» **DESCRIPTION OF THE TASK**: Could you repeat exactly the lines below, from the line containing "Verstappen Design LTD" through the last one, both included, while leaving out any pictures?

» **GIVEN INFORMATION**:
....................

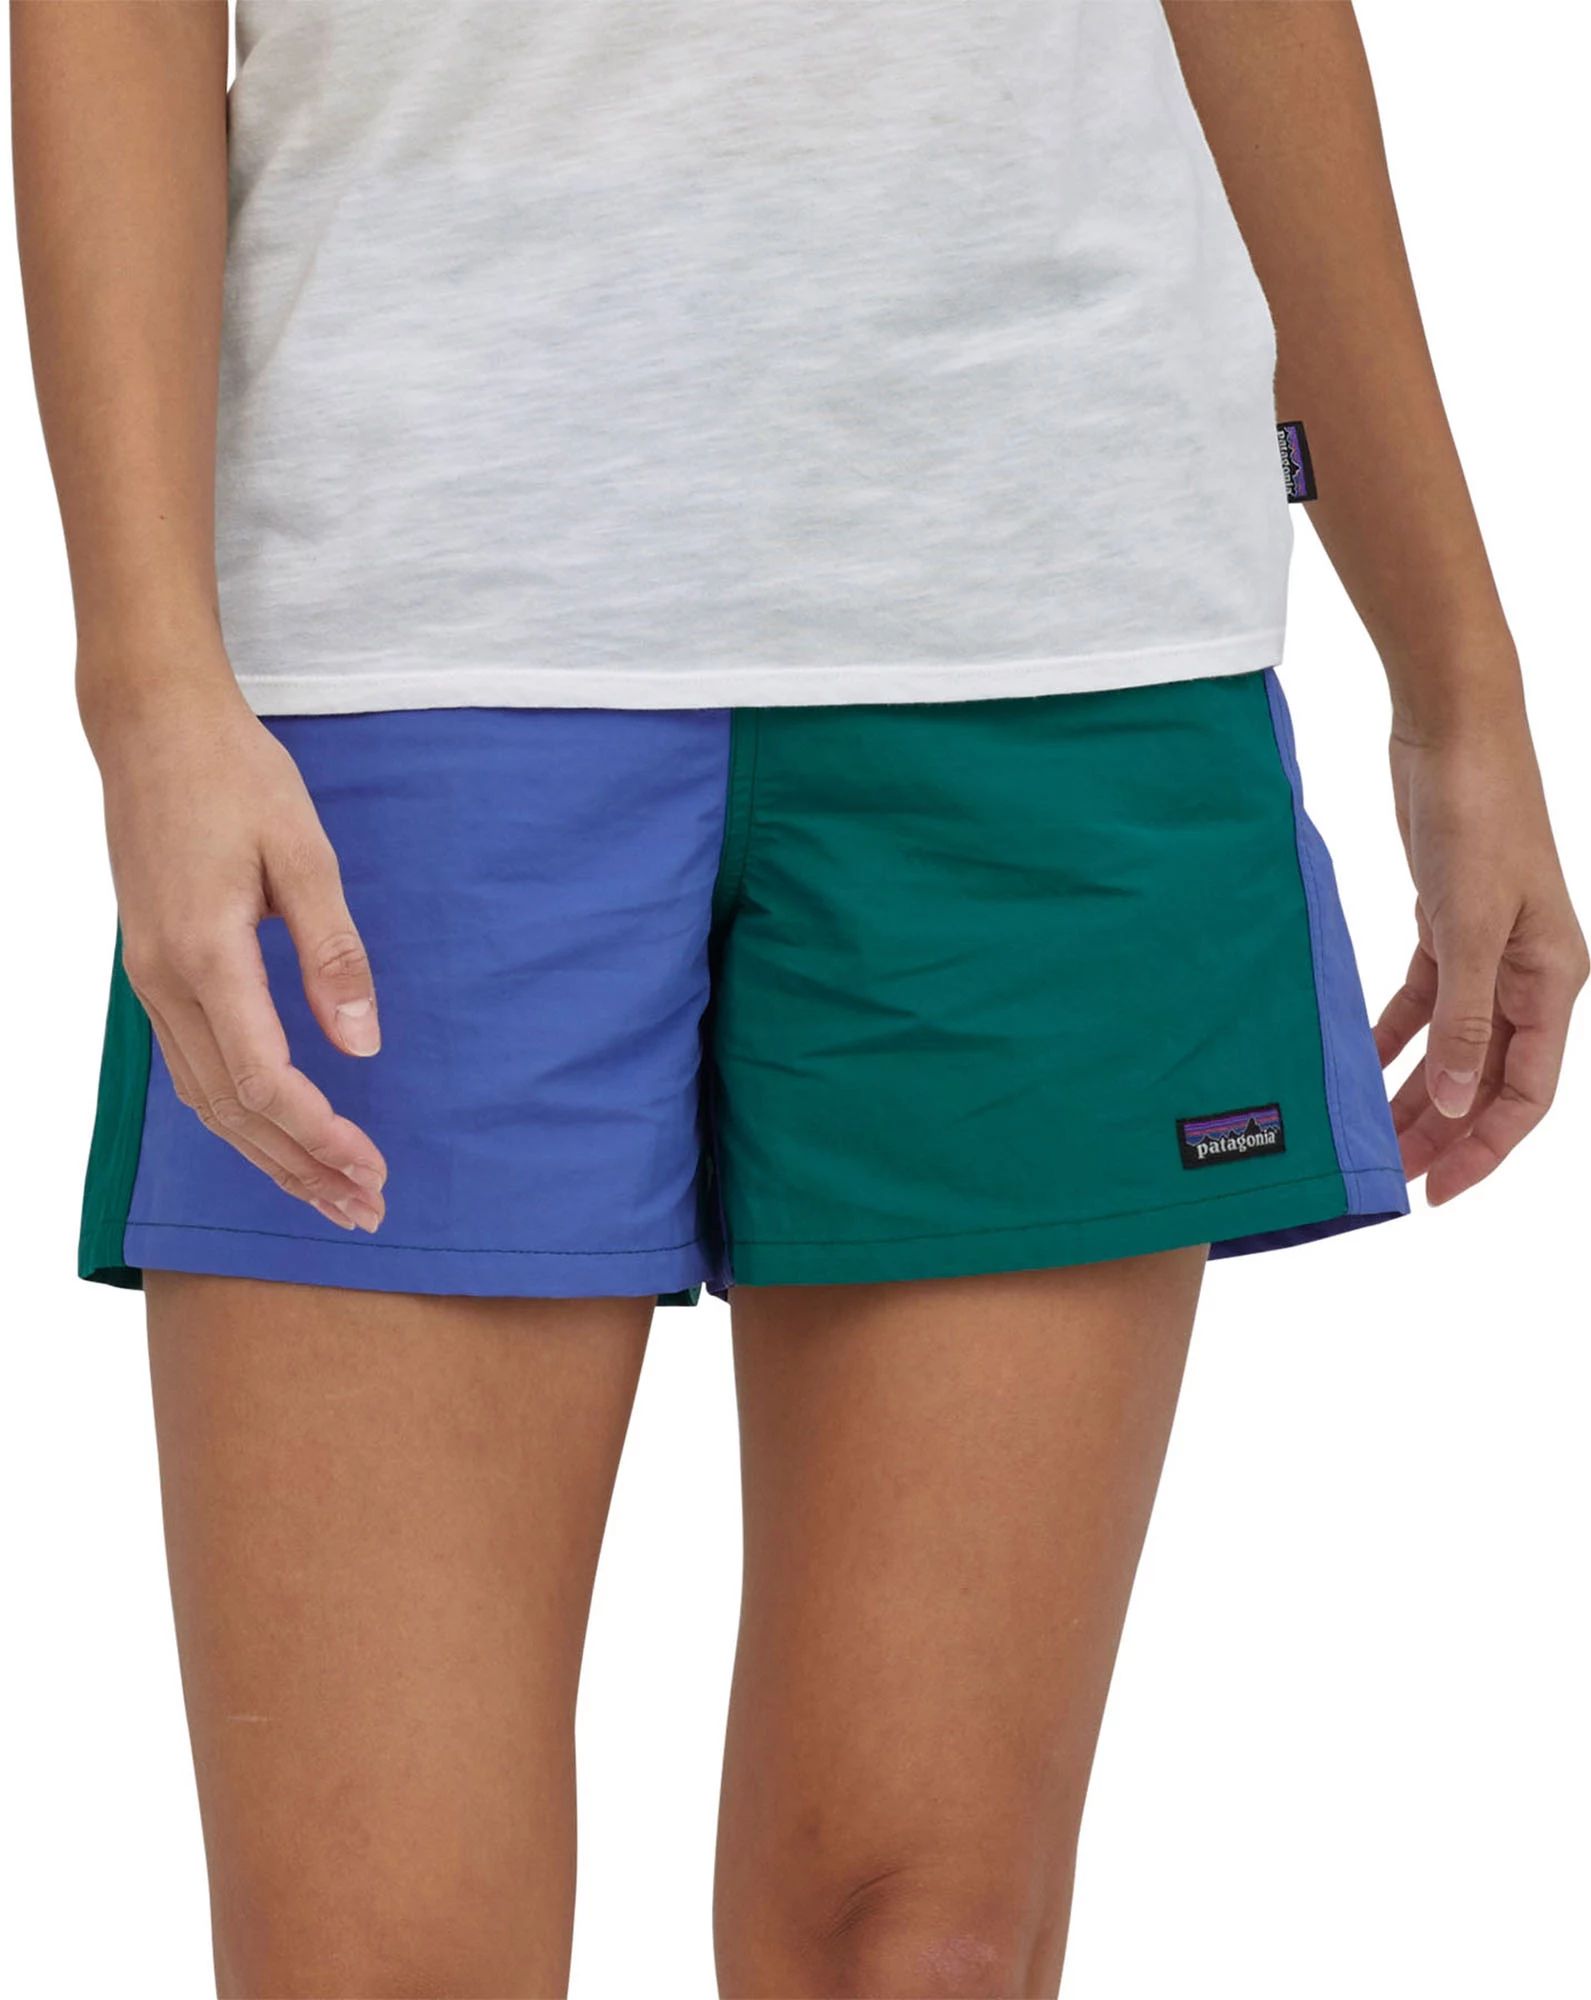 Patagonia Women's 5” Baggies Shorts, Medium, Harlequin/Borealis Green | Dick's Sporting Goods
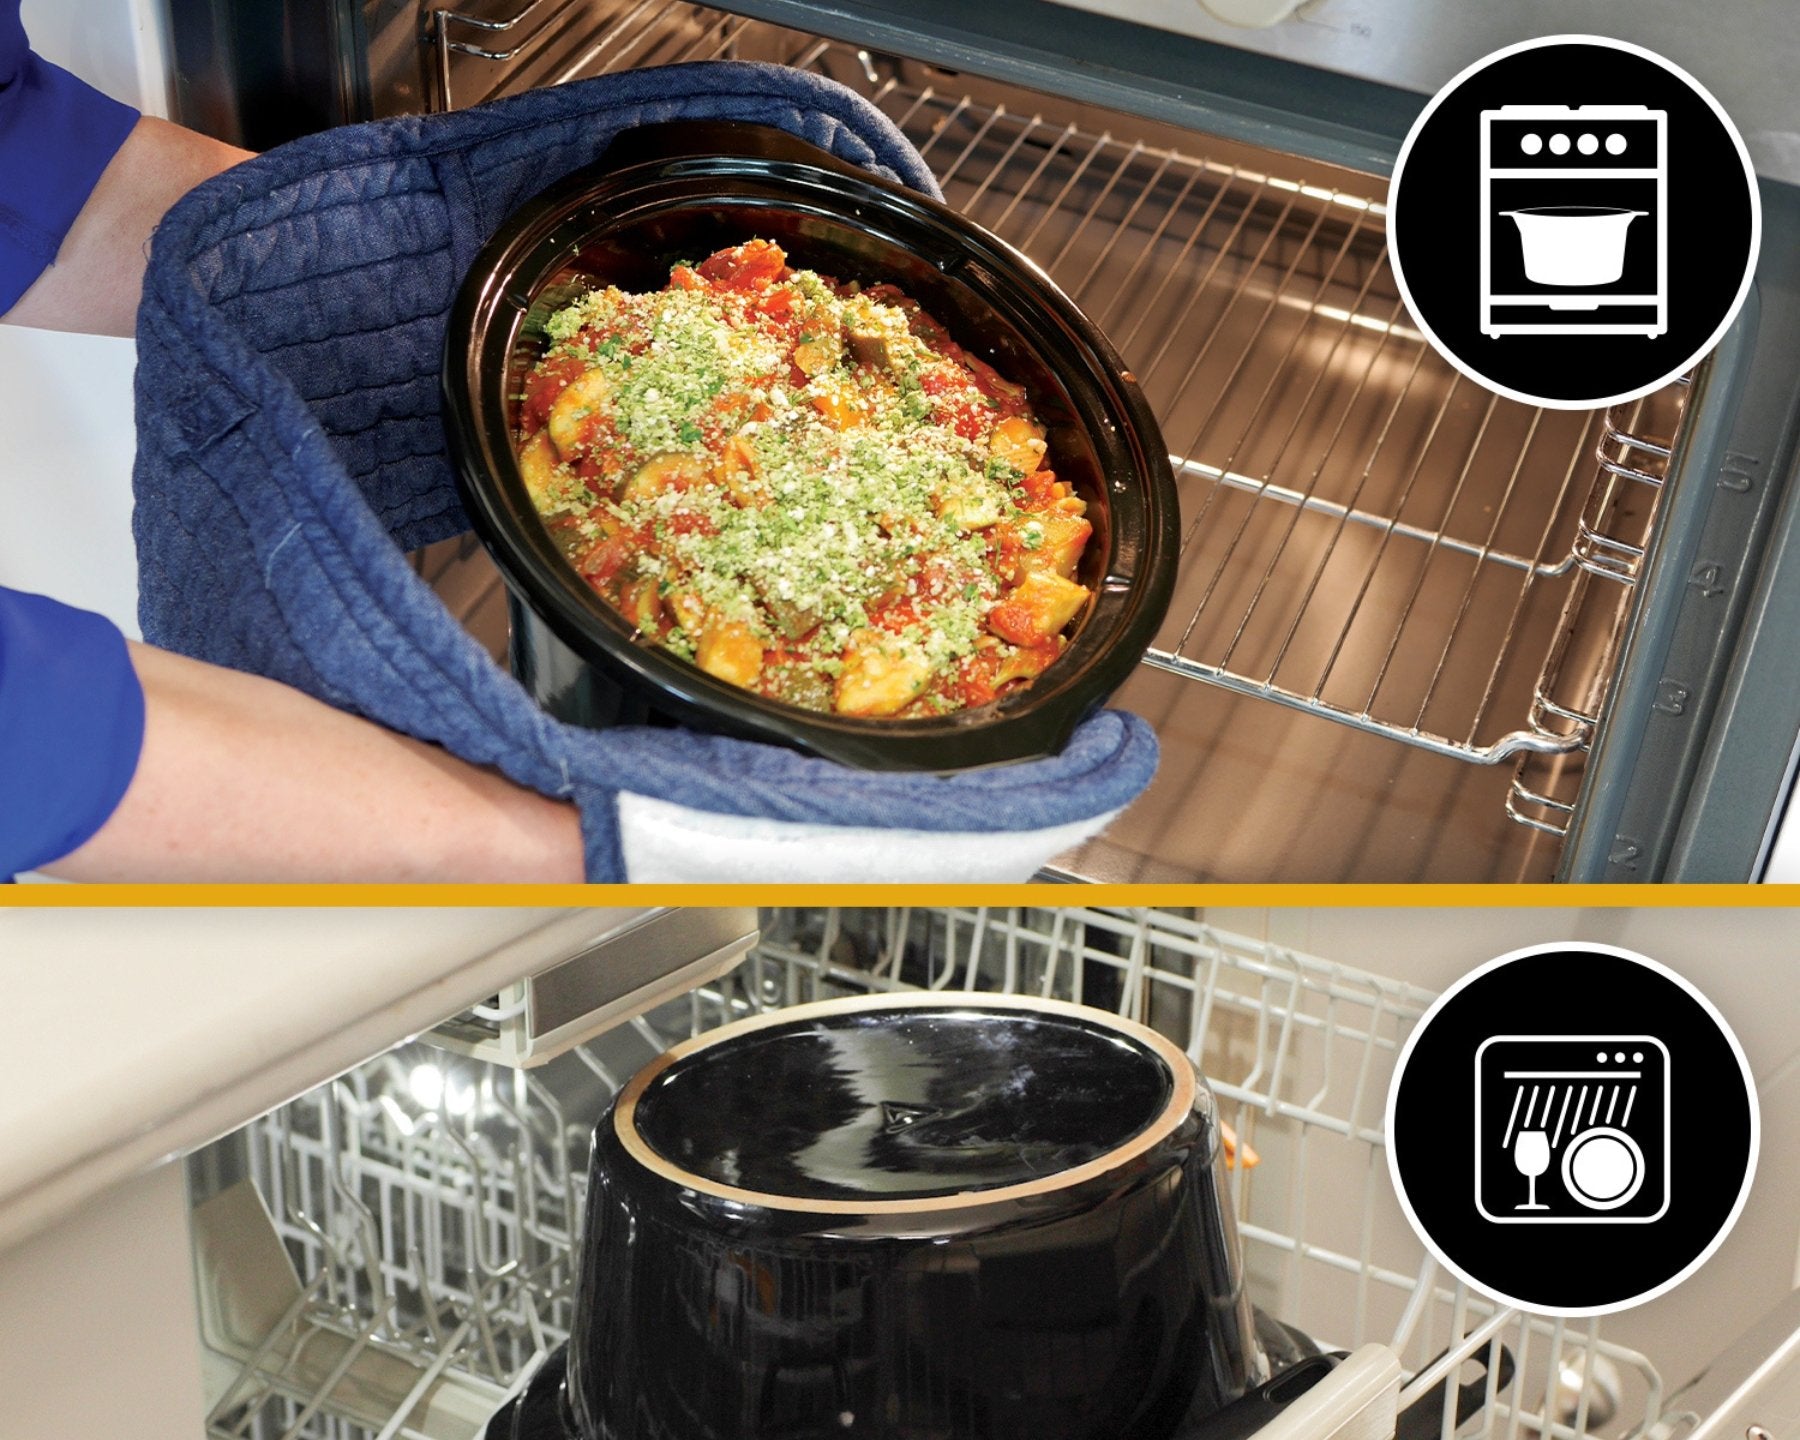 Crockpot ® Digital, 2.4 L, Slow cooker - kitchen-more.ch, kostenloser Versand in der ganzen Schweiz
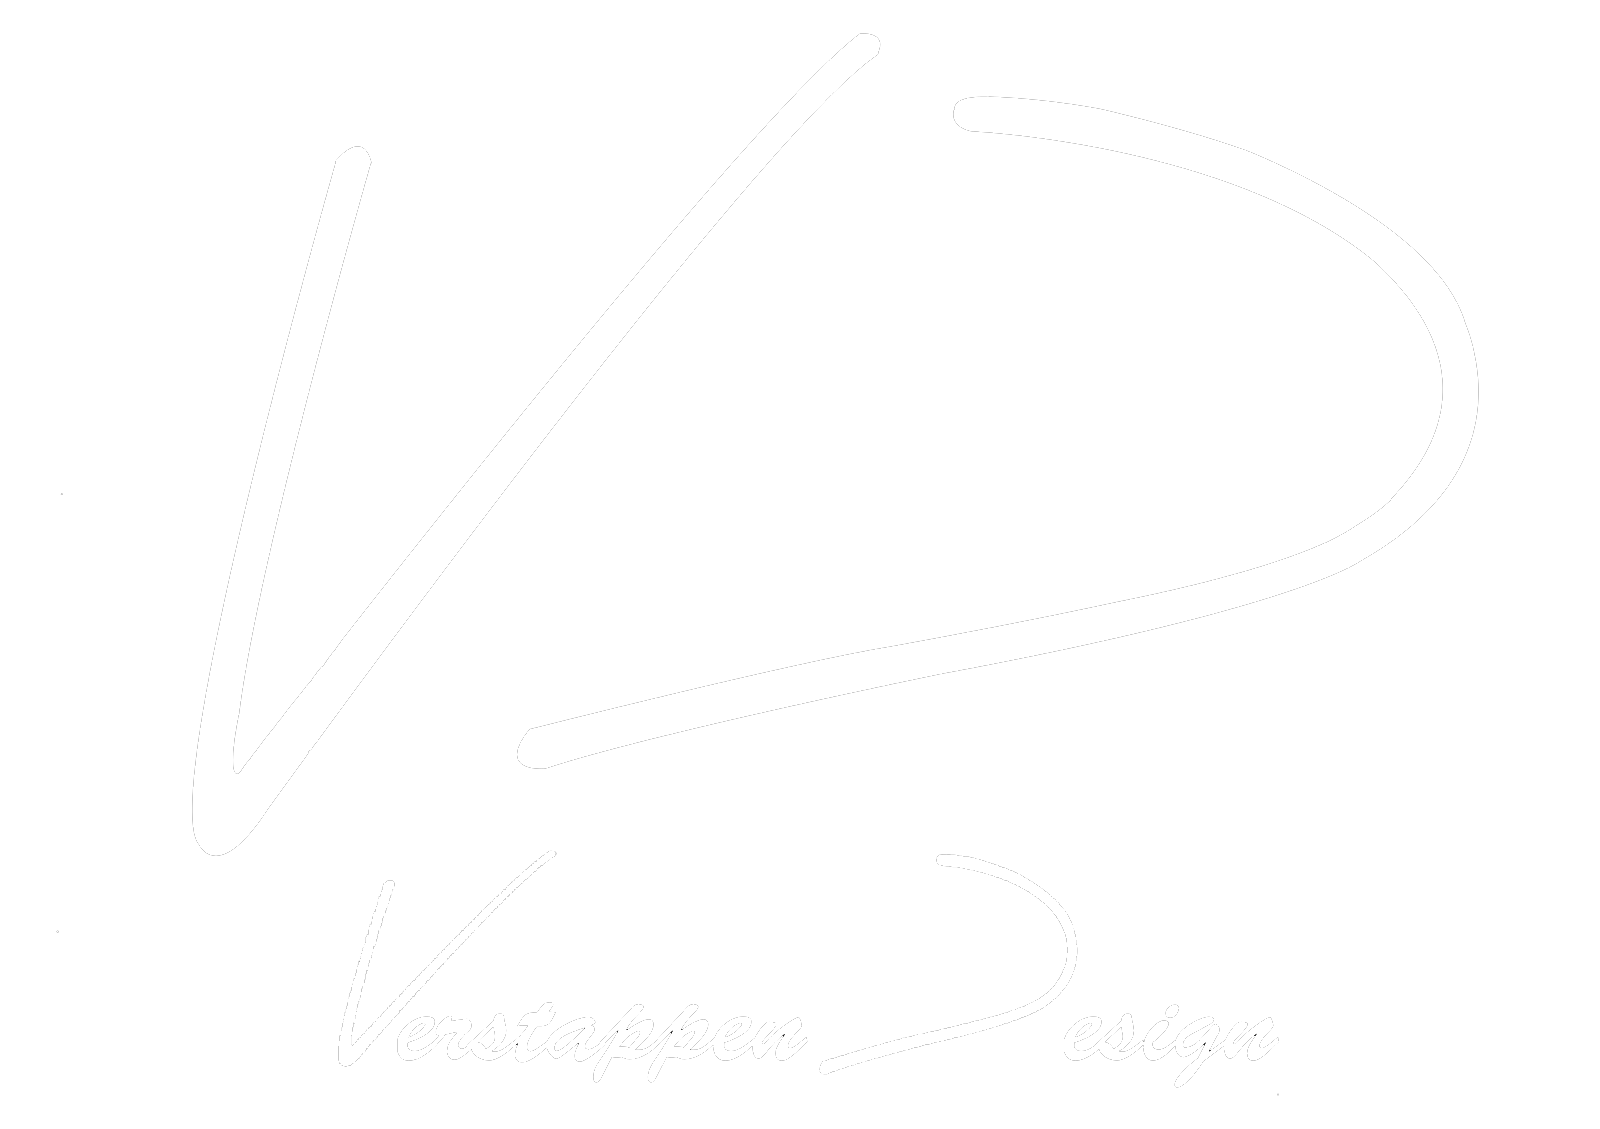 Verstappen Design LTD
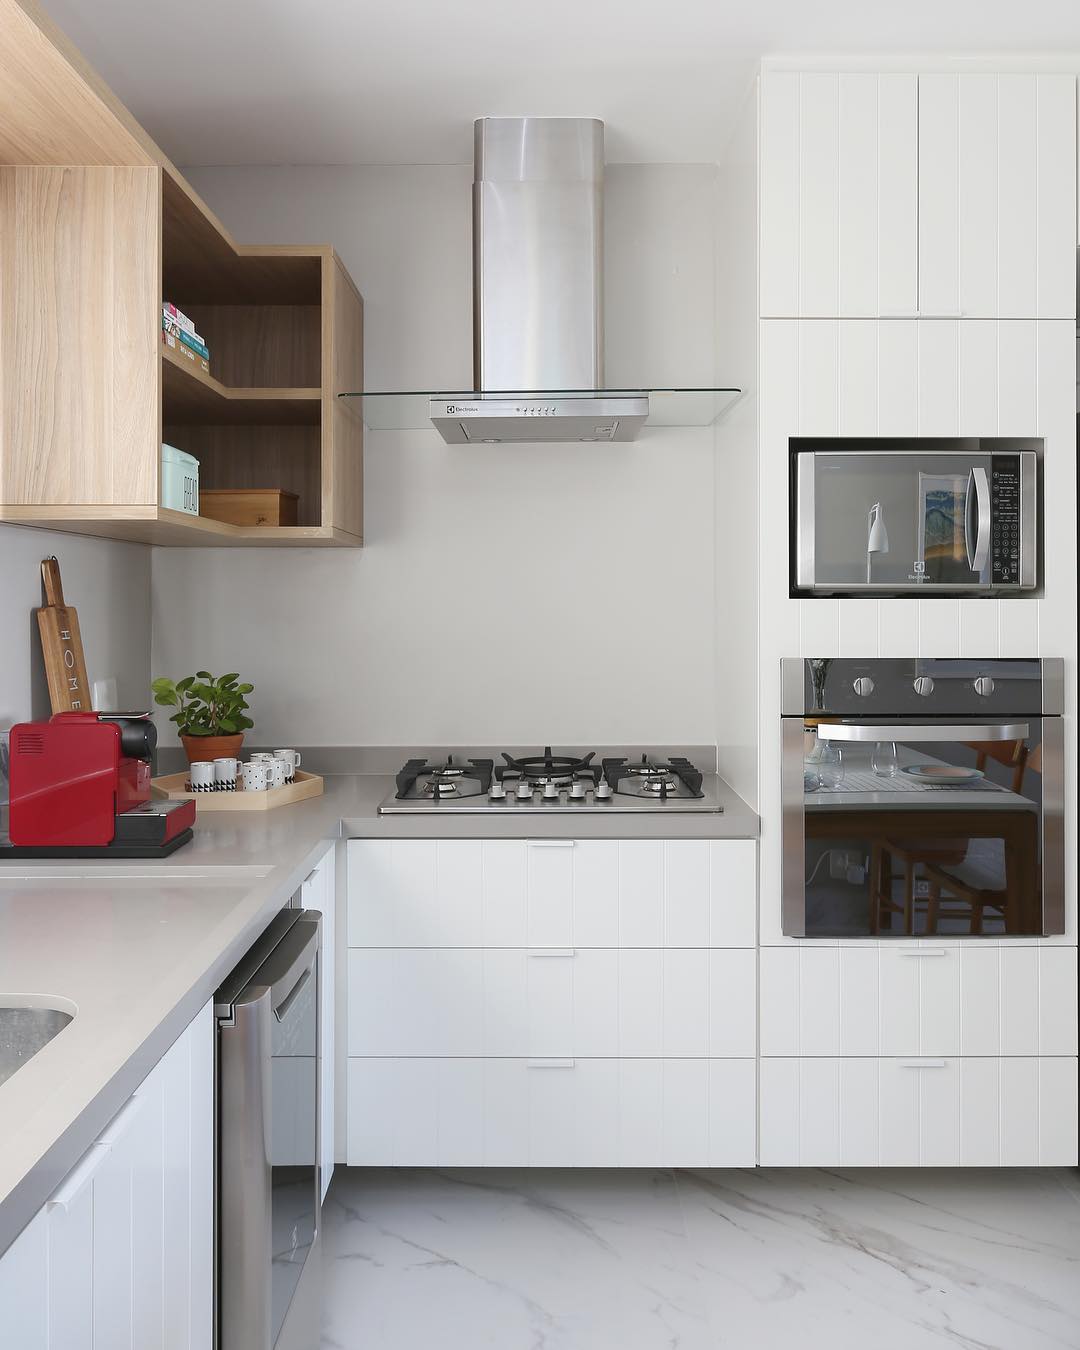 Cozinha em L com eletrodomésticos integrados ao armário

....................

» **WRITTEN SOLUTION**:
 Verstappen Design LTD
 Cozinha em L com eletrodomésticos integrados ao armário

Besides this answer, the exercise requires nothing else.